[Saved data entries]
━━━━━━━━━━━━━━━━━━━━

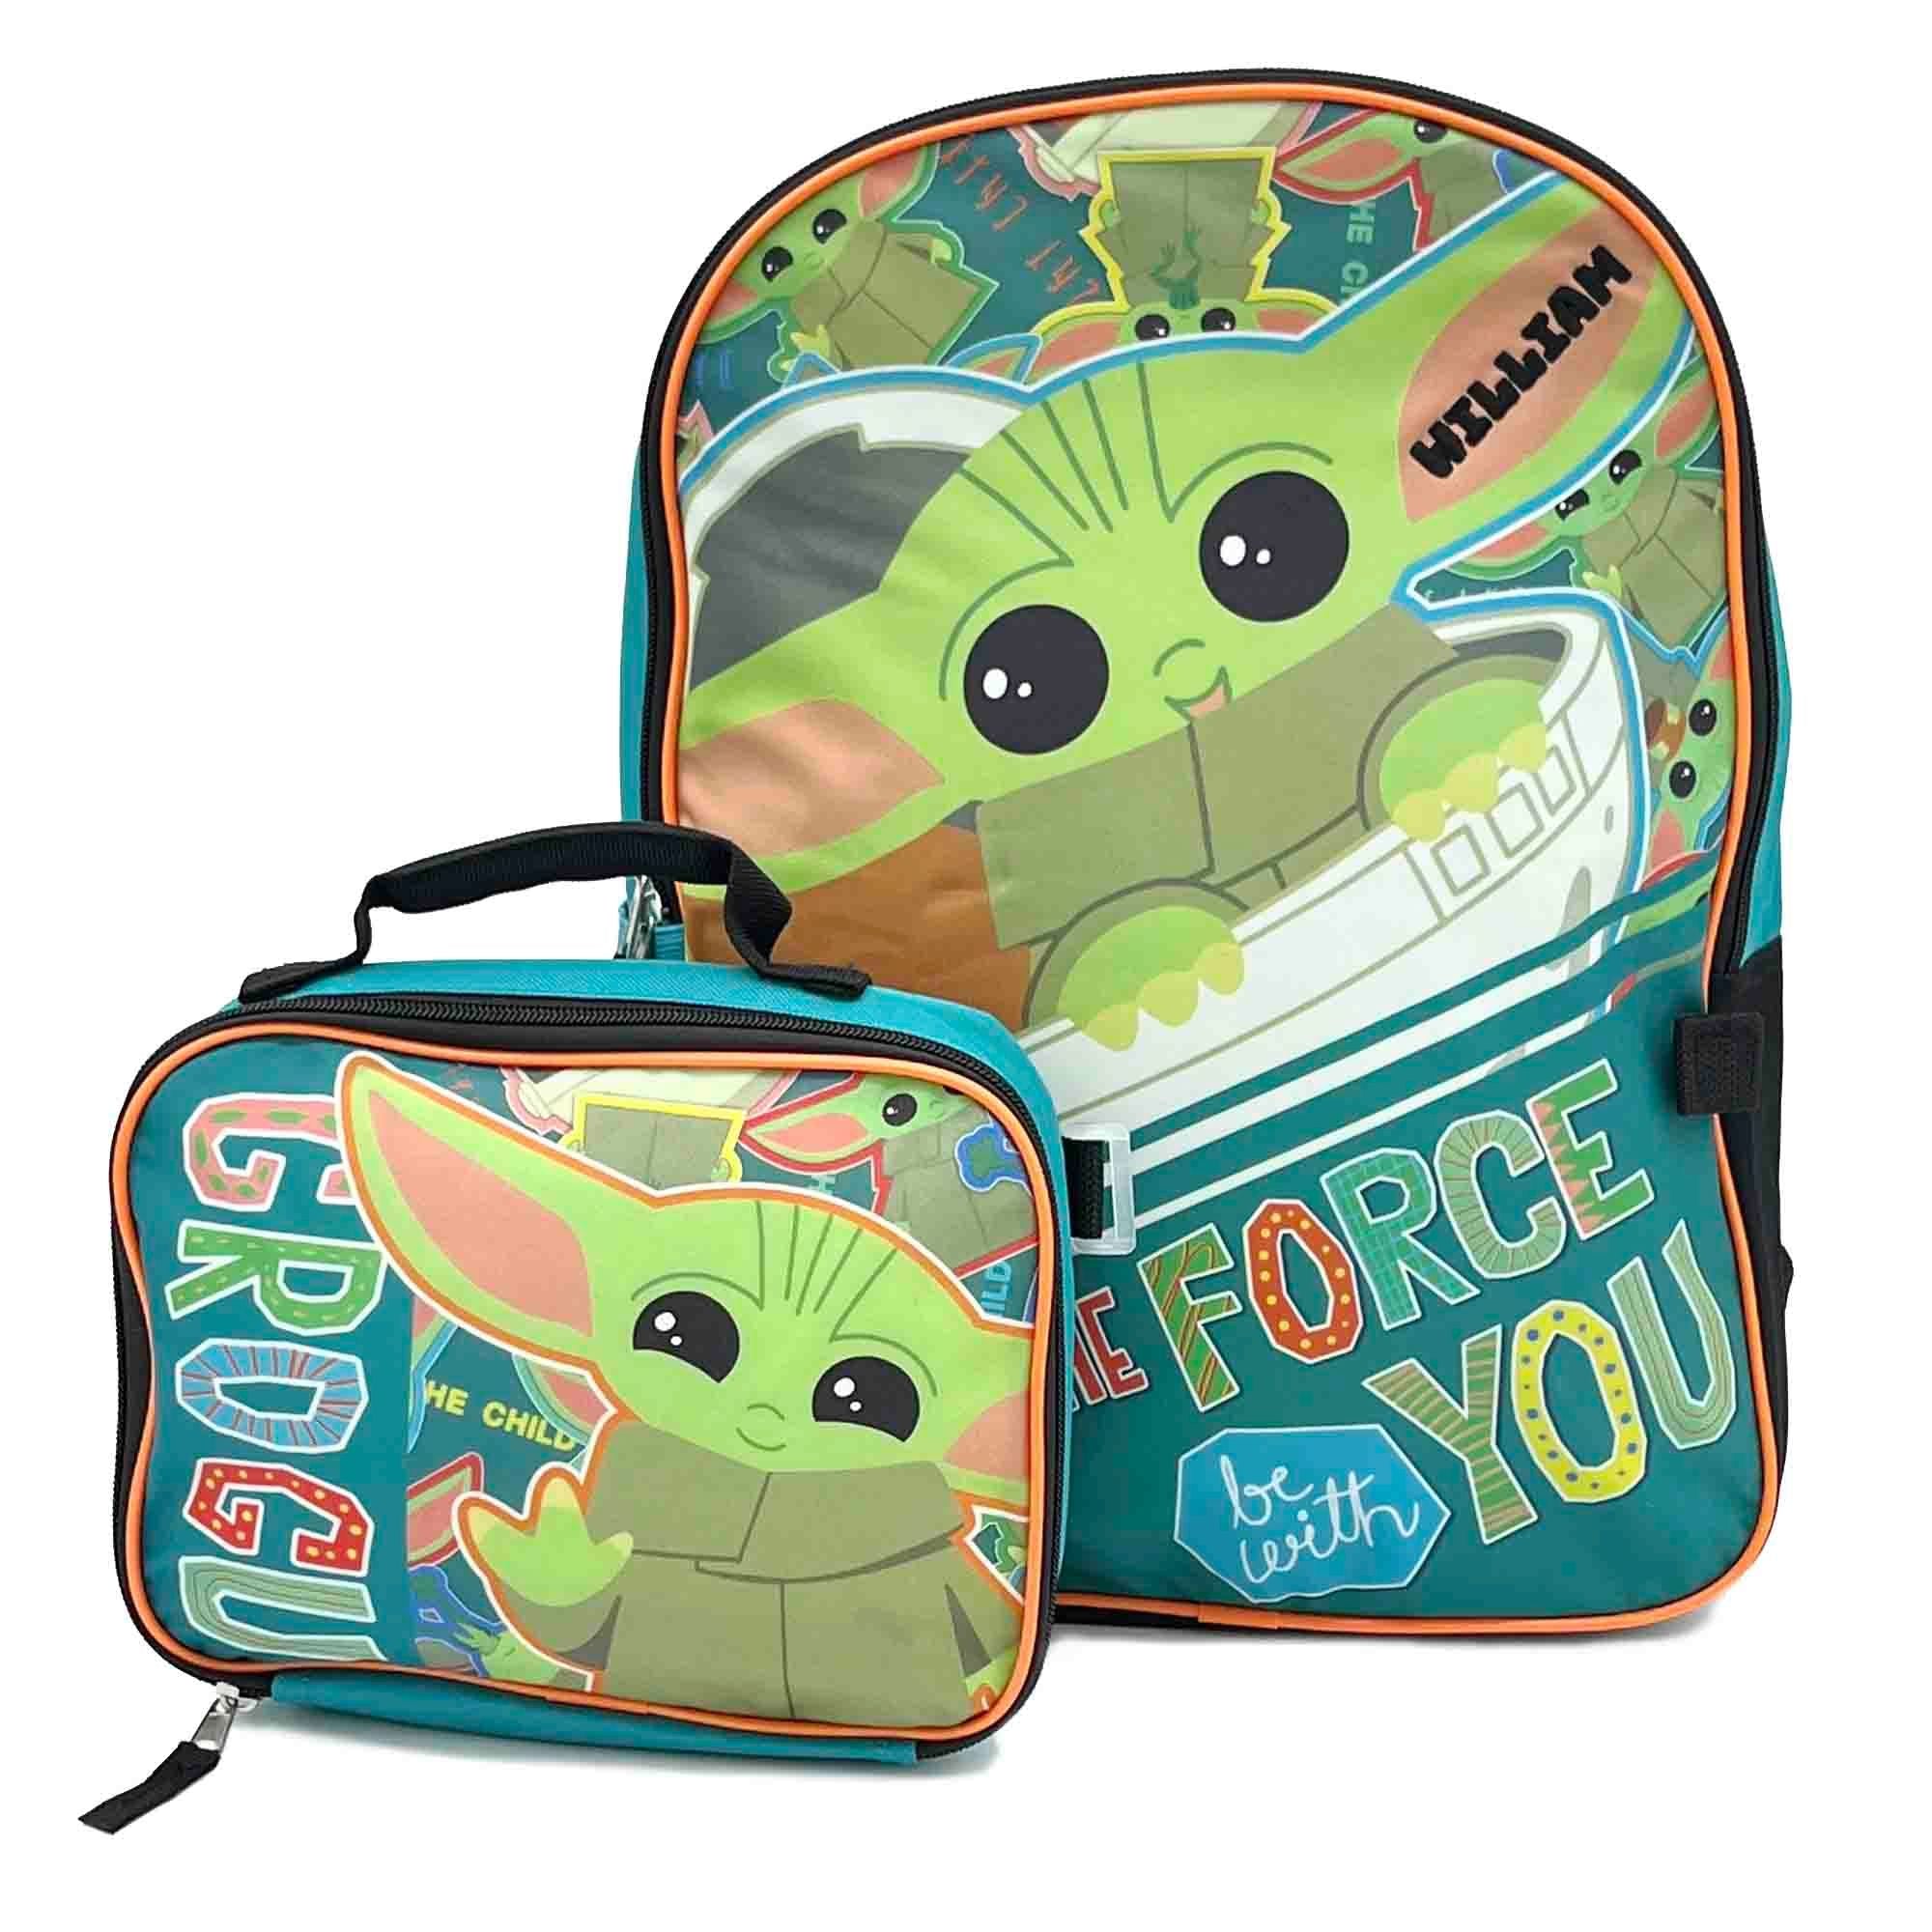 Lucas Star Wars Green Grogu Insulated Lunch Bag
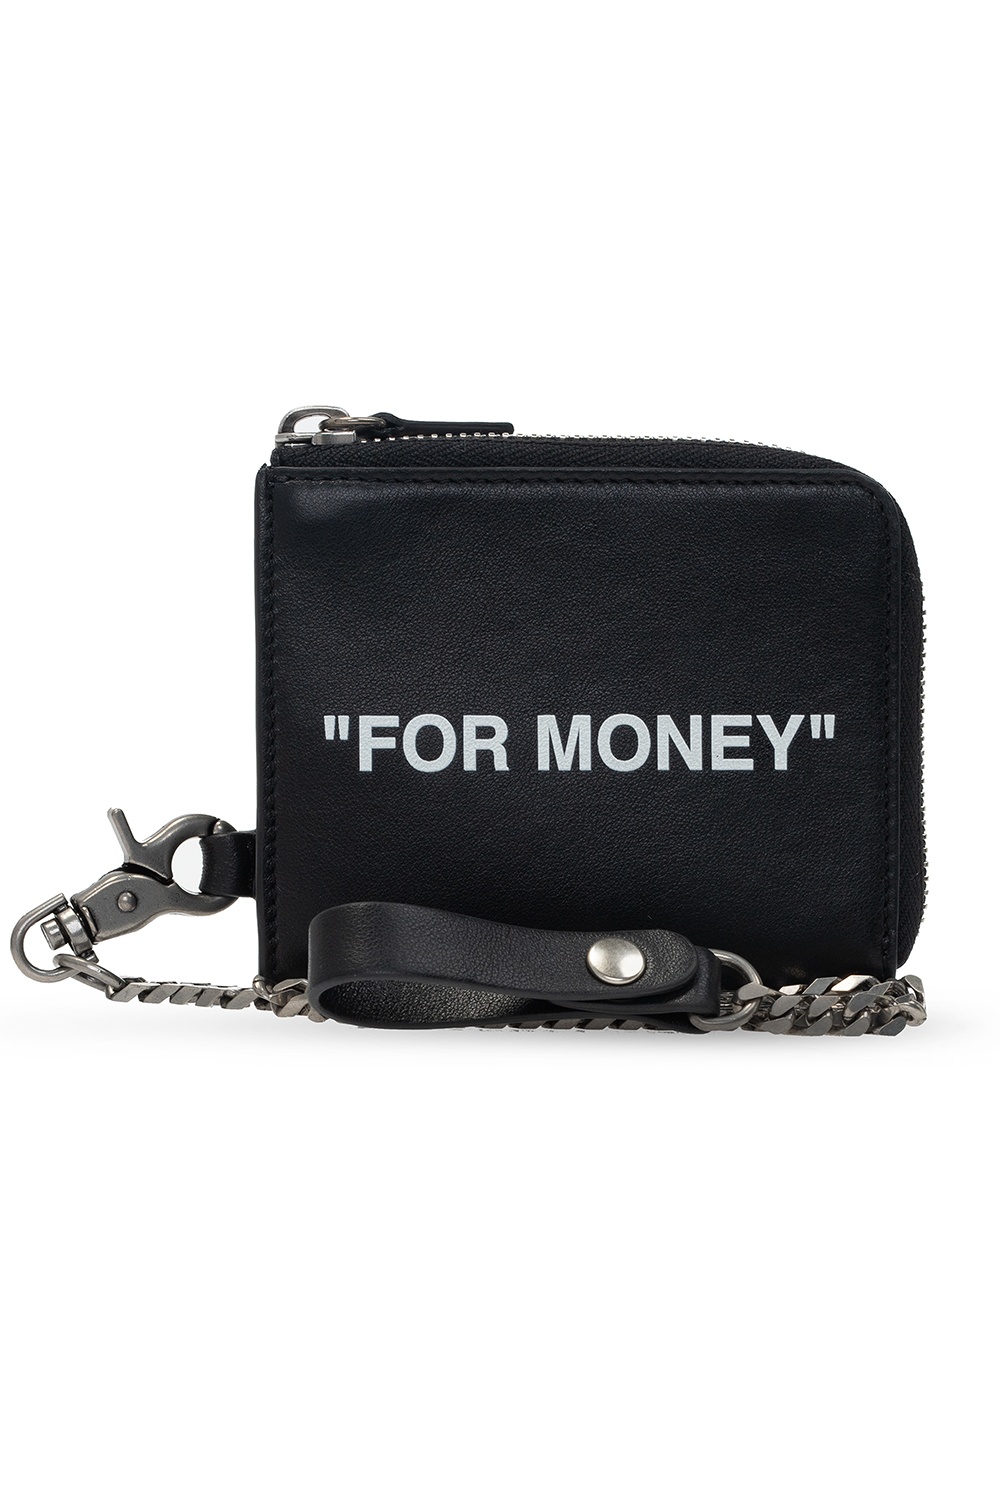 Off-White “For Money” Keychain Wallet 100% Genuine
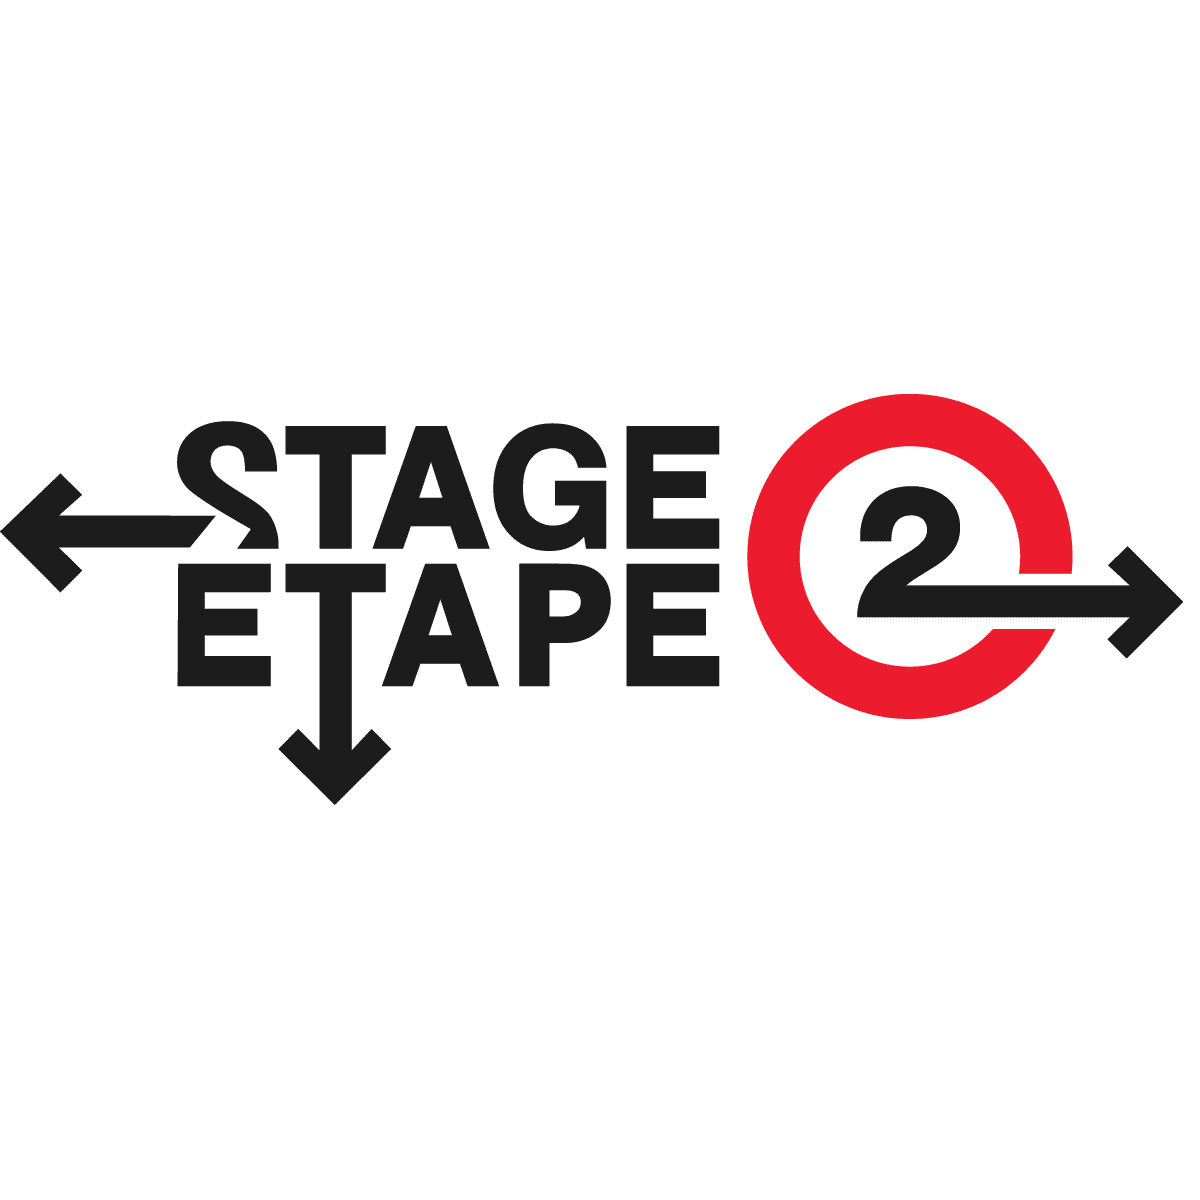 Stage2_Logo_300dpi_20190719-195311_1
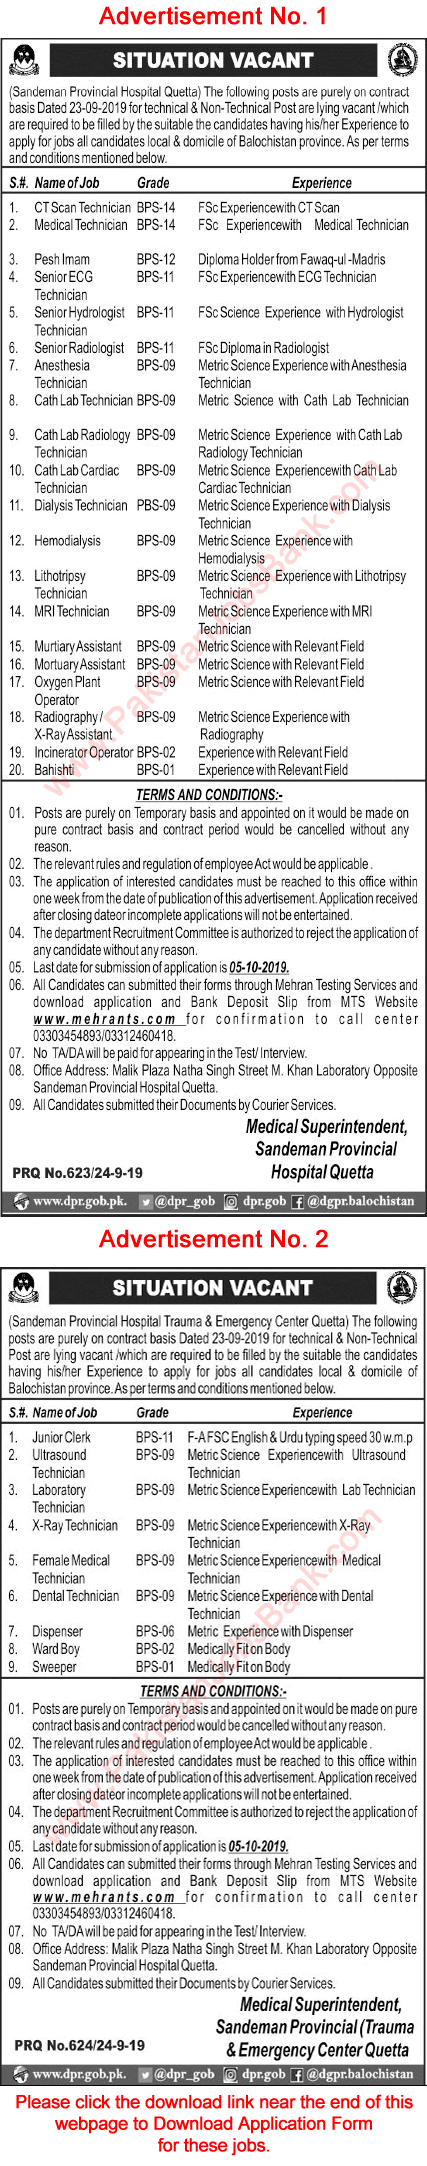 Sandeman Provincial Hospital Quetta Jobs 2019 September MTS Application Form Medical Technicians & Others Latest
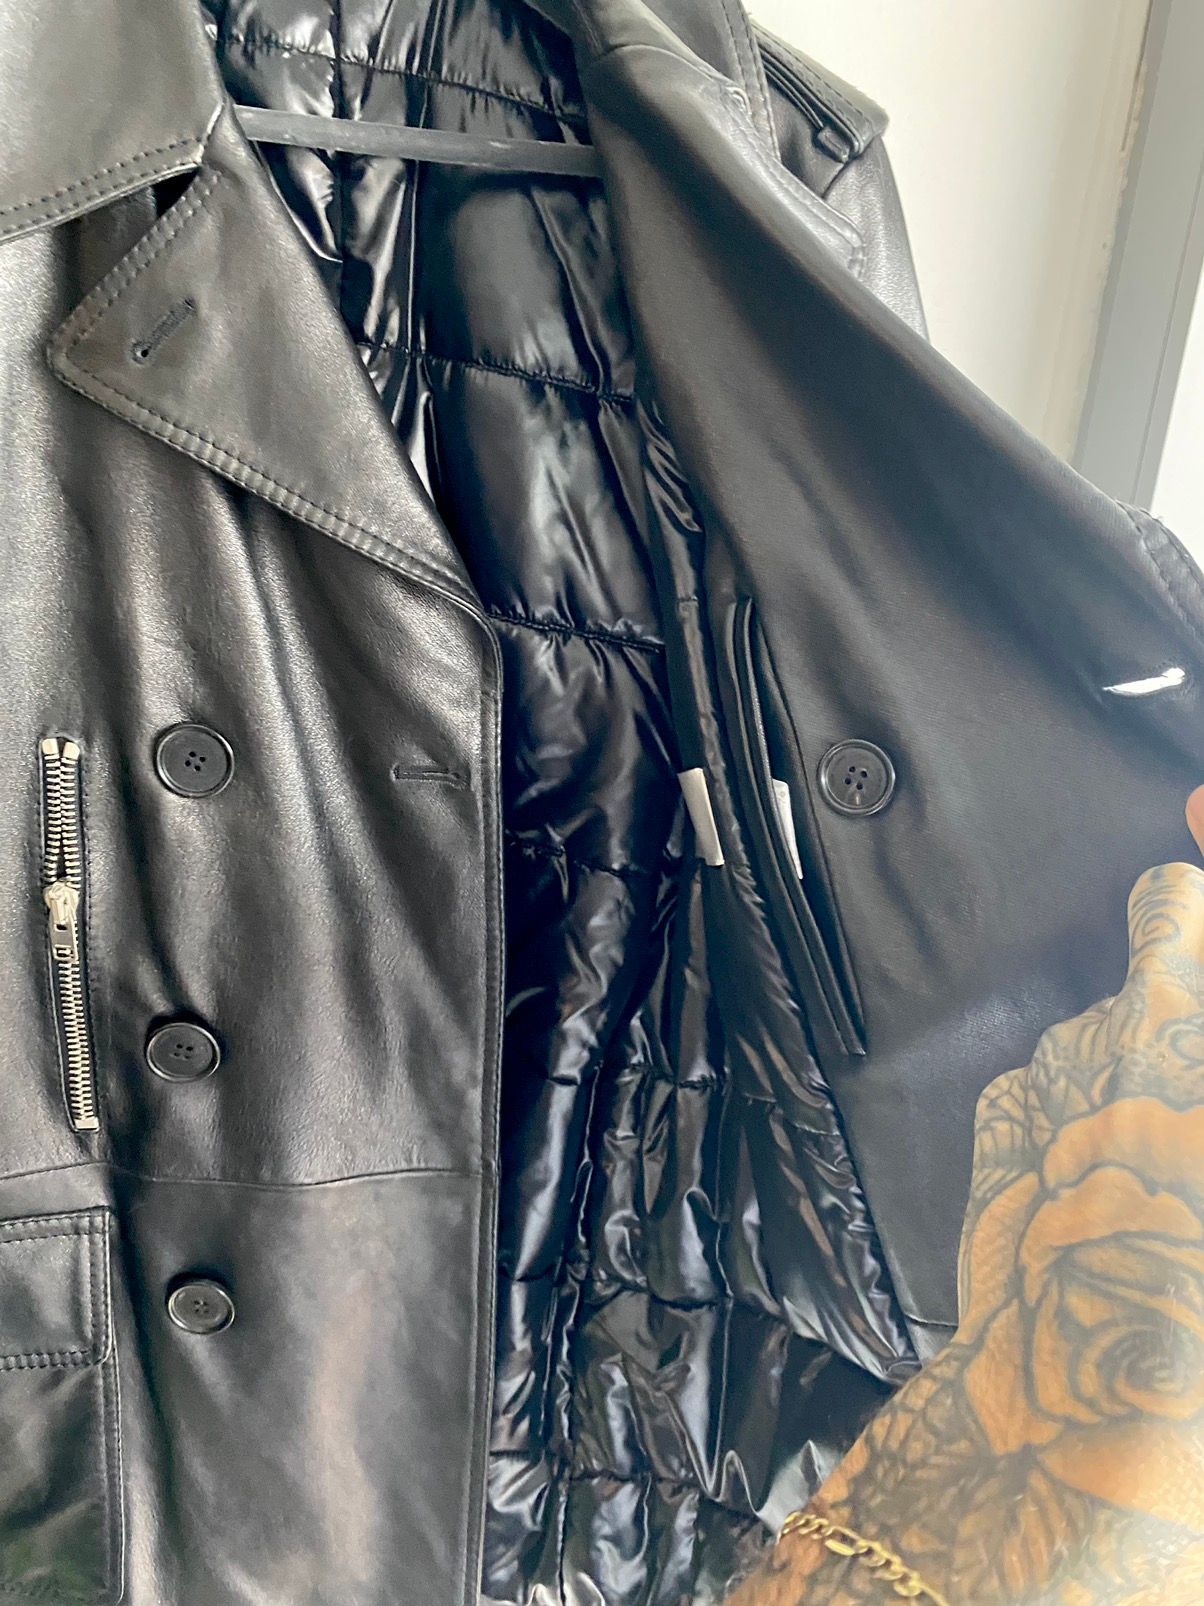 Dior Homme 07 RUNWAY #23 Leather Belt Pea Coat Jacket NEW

━━━━━━━━━━━━━━━━━━━━

§ **WHAT TO DO**:
Write out all of the data above exactly, pictures excluded.

§ **RESPONSE FOR THIS EXERCISE**:
 Lucas Star Wars Green Grogu Insulated Lunch Bag
 Off-White “For Money” Keychain Wallet 100% Genuine
 Stage2_Logo_300dpi_20190719-195311_1
 Sandeman Provincial Hospital Quetta Jobs 2019 September MTS Application Form Medical Technicians & Others Latest
 Dior Homme 07 RUNWAY #23 Leather Belt Pea Coat Jacket NEW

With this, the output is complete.